In hard times cigarette manufacturers and other so named sin tobacco stocks can be a harmless haven for tobacco investors, since people inclined not to quit their bad habits.
That’s been correct of Philip Morris International. The world’s biggest openly traded tobacco industry has been on a sidereal run since 2008, when it was turned off to sell famous brands like Marlboro out of the U.S. while ex-parent Altria peddles them inside the country.
The big issue: As cigarettes growth slows in well-known markets, can new ones keep tobacco sales, and the products price, burning?
Europe, accounting for 30 percent of tobacco sales, had been Philip Morris’ biggest tobacco market, but growth there is sluggish: Company profit was up only 4.6 percent year ago.
In Asia cigarettes sales were up approximately 35 percent in 2011, because more tobacco consumers visited tobacco markets in Indonesia which offer premium smoking brands. Wells Fargo and Bonnie Herzog both analysts hope that profit from Asia by 2020 will be doubled to $18.7 billion.

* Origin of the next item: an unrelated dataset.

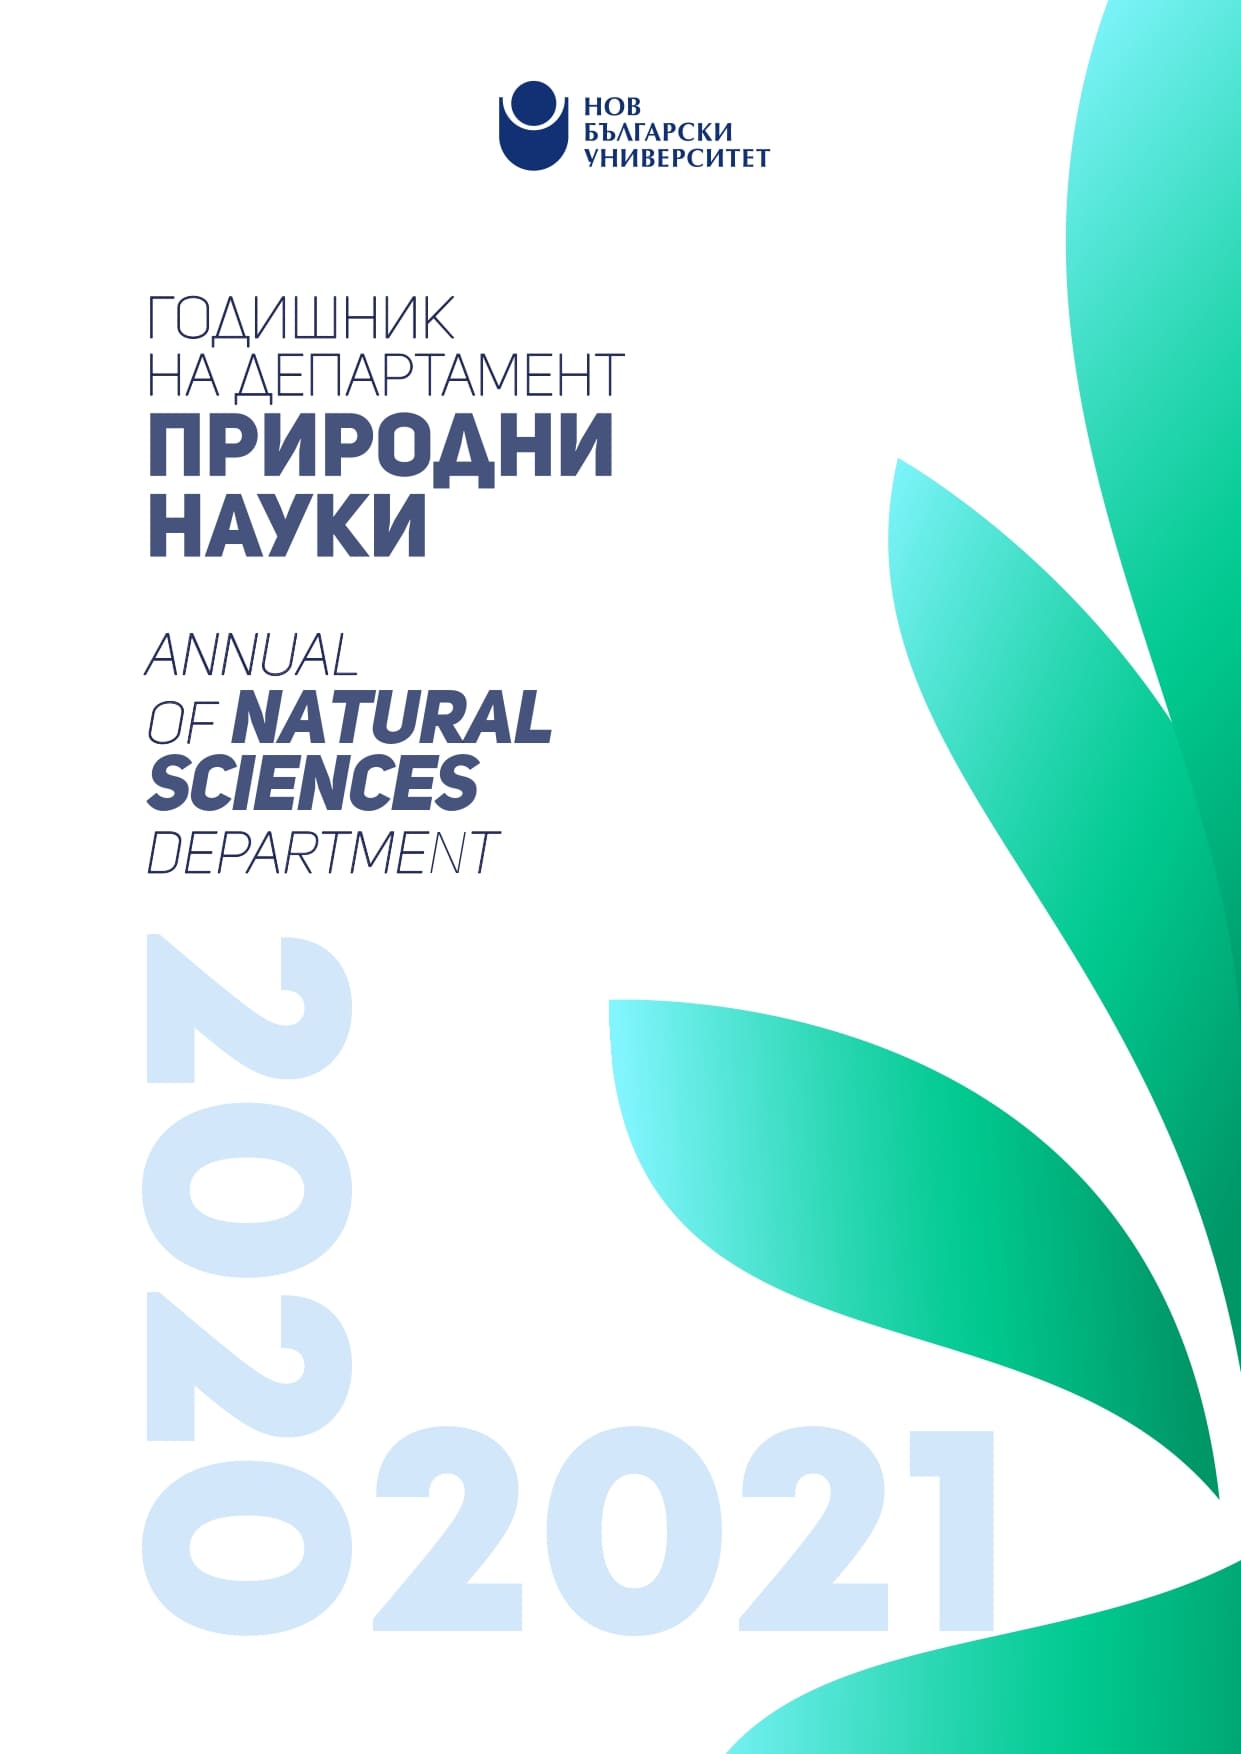 Successful Completion of an International Project of the Department of Natural Sciences at New Bulgarian University
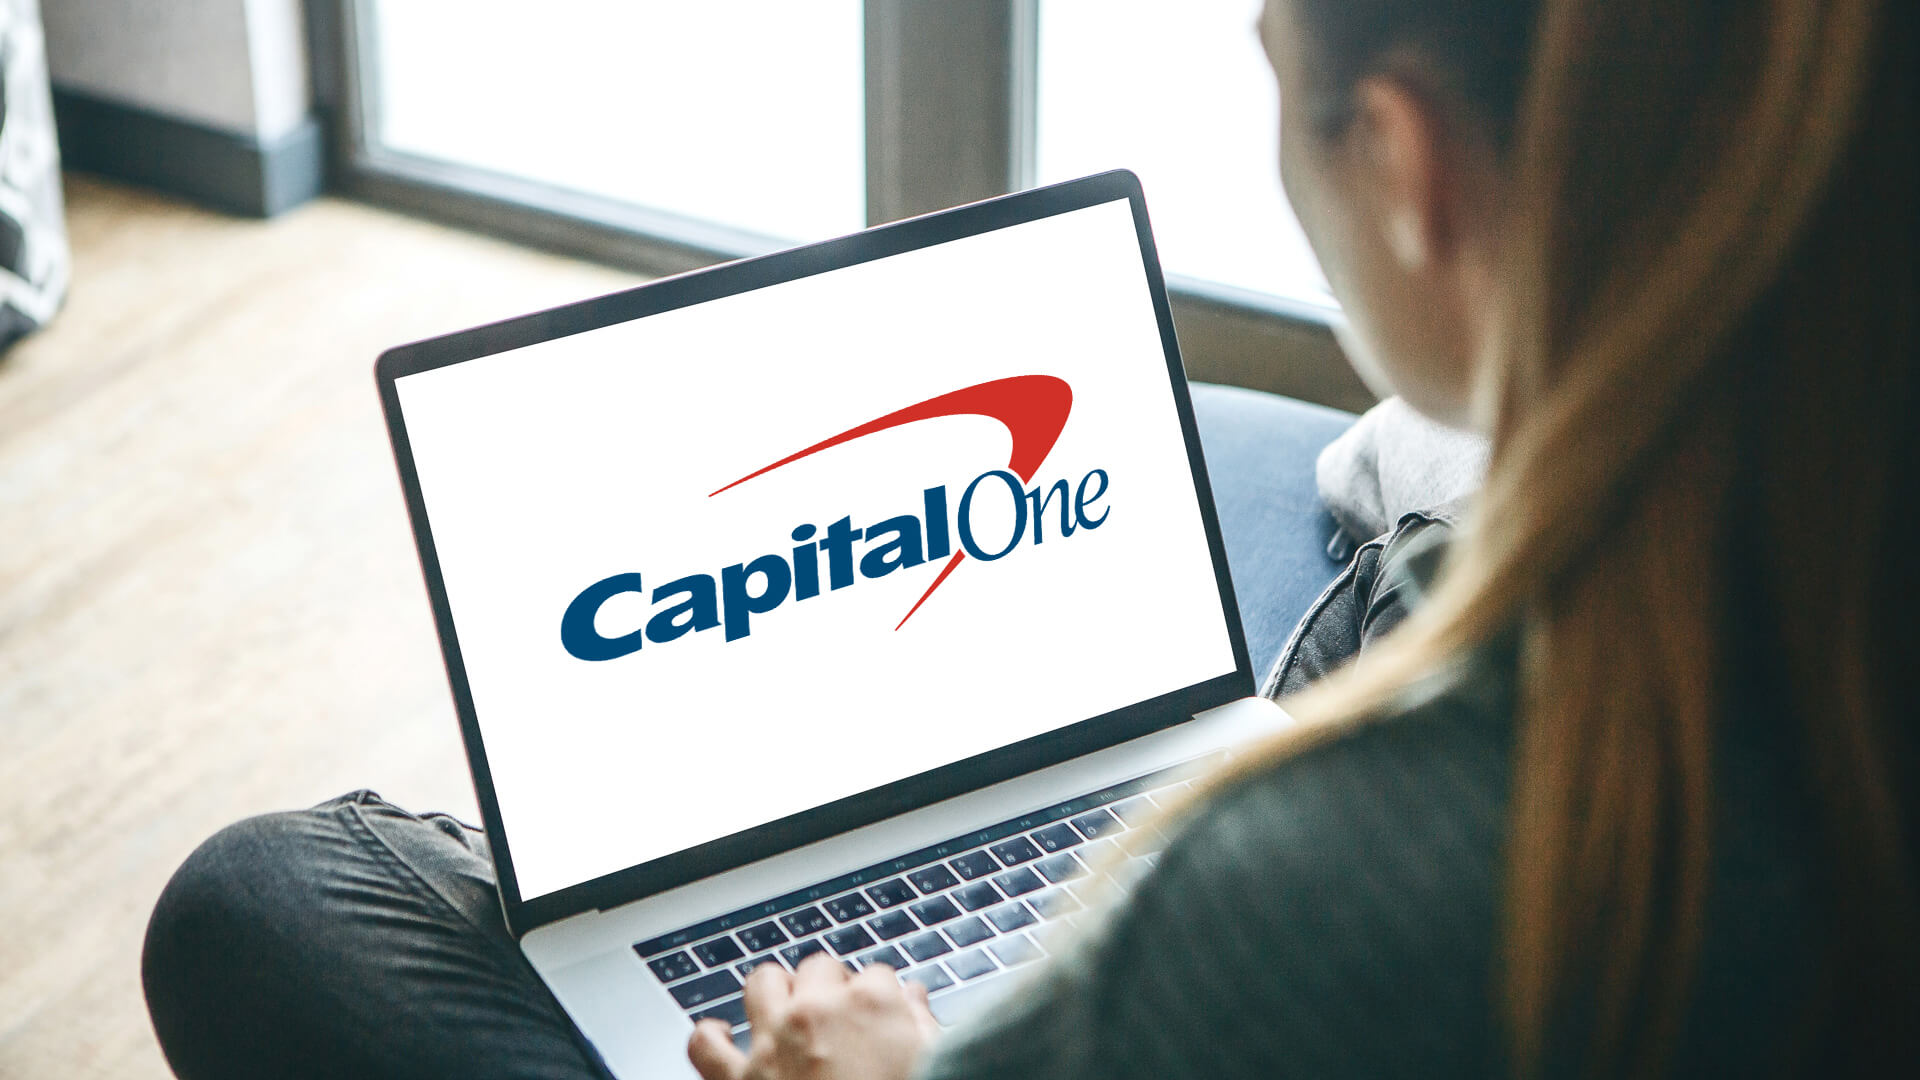 capitol one contact

Philip Morris has a private business on the Chinese Tobacco Market, which has been blocked to newcomers: Its new junction chance with China’s cigarettes company which will let them sell the Marlboro smoking brand there. Still, Morgan Stanley analyst David Adelman declared that it could be 10 to 20 years before cigarettes sales in China have a real influence.
Raises in the already essential high taxes collected by cigarettes manufacturers could hurt tobacco sales, especially for premium smoking brands, because some smokers continue to smoke and purchase cheaper brands.